We recognize that the population on the search engine Google may not be entirely representative of the French population. However, statistics show that Google holds the largest market share of all search engines in France (92% as of September 2020) [28]. The population of internet users in France is 82.0% and skewed toward younger age and higher education level [29]. In this study, we validated that search strategies were effective at identifying the onset of future emergency hospital use. Despite the limitation that searches on Google might not be generalizable to the entire French population, our results still suggest that this methodology may be applicable to other chronic diseases as well. However, we acknowledge that this method may not be applicable to all types of symptoms or hospital uses, especially when the disease to be treated is very specific to a subpopulation.

We also recognize that recent developments in time series such as time-series forecasting were not used for our analysis. However, in this study we sought to model trends in searches as they related to external factors such as emergency visits, whereas time-series forecasting seeks to forecast future values of that series such as using historical hospital visits to predict future hospital visits. We also chose to use the most standard and frequently used time-series model for consistency in the research area related to environmental respiratory disease in order to identify the time lag between symptom onset and hospital admission [30-33].

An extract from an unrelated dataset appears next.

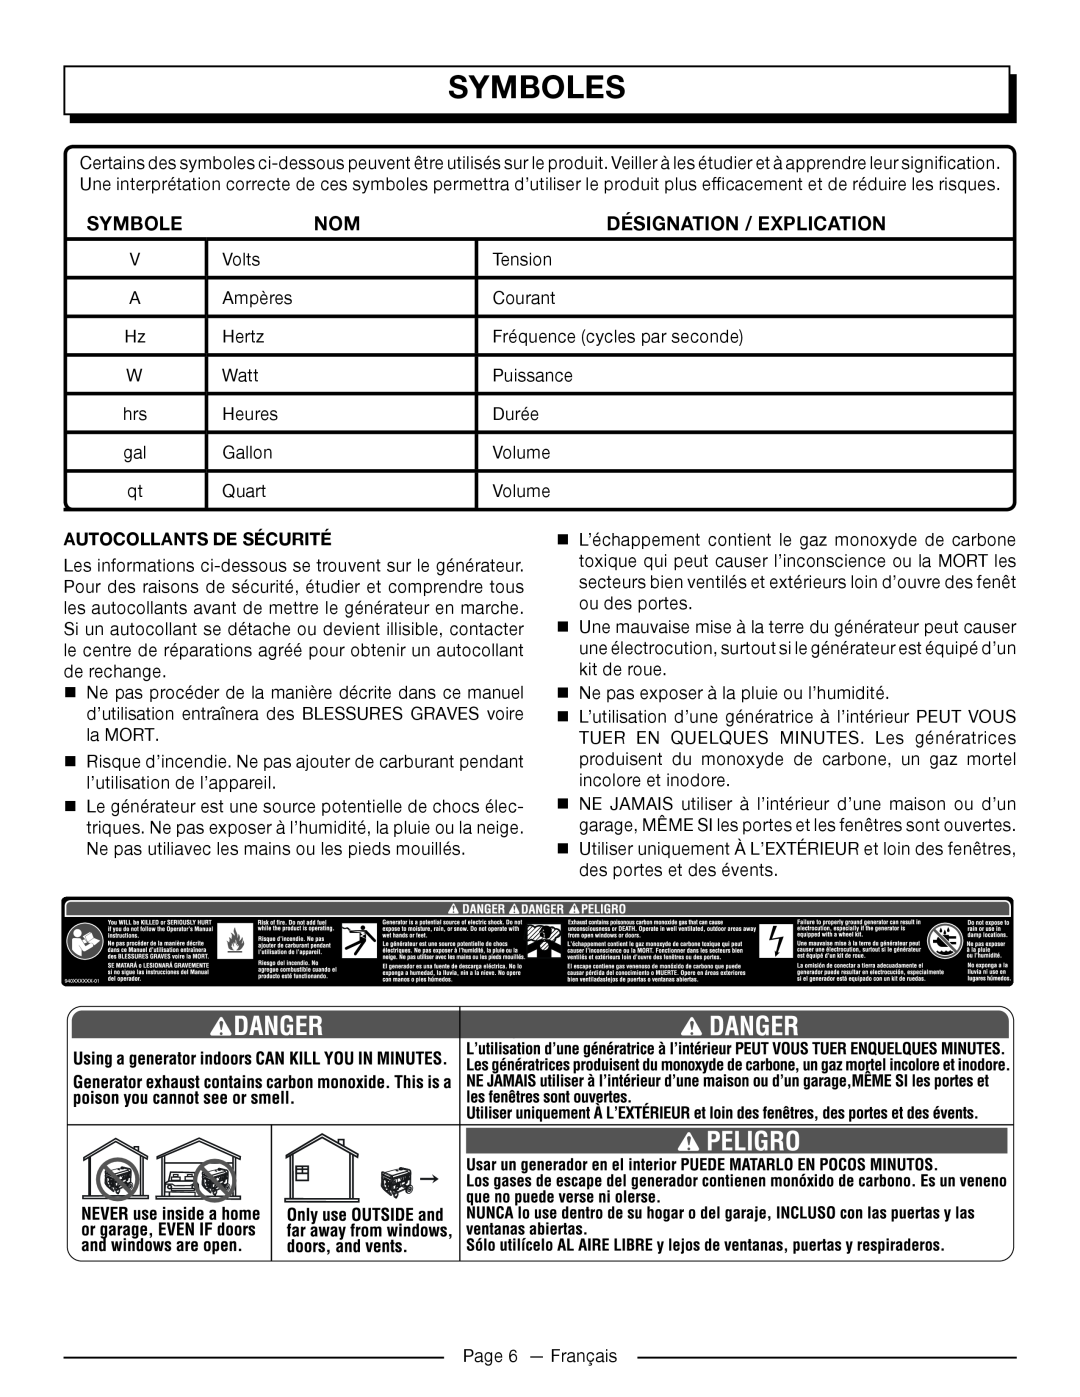 Homelite UT905011 manuel dutilisation Autocollants De Sécurité, Symboles, Désignation / Explication

Based on our study findings, we believe that earlier identification of potential cases of asthma exacerbation through internet searches could help improve the efficiency of resource allocation within hospitals such as staff, beds, and respiratory assistance. Future studies should test the ability of Google searches in the hospital setting to predict cases and reduce the burden on hospitals. In addition, since the COVID-19 pandemic, it has been postulated that many patients are not seeking care for their arising symptoms because of fears of COVID-19 transmission [27]. Therefore, the use of internet search could help identify real-time and accurate onset of asthma during the time of the COVID-19 pandemic. This information can be used to provide timely and correct patient education including informing the public about the appropriate course of action. Public health efforts should consider the utility of internet searches for respiratory conditions such as asthma to measure care-seeking behaviors and prevent severe long-term consequences.

Asthma is one of the most significant noncommunicable diseases globally [34]. Improving surveillance is crucial for the control of asthma and the prevention of avoidable deaths due to this disease. The use of online digital surveillance offers the ability to capture the onset of asthma more accurately and rapidly and has the potential to reduce the burden and deaths caused by asthma.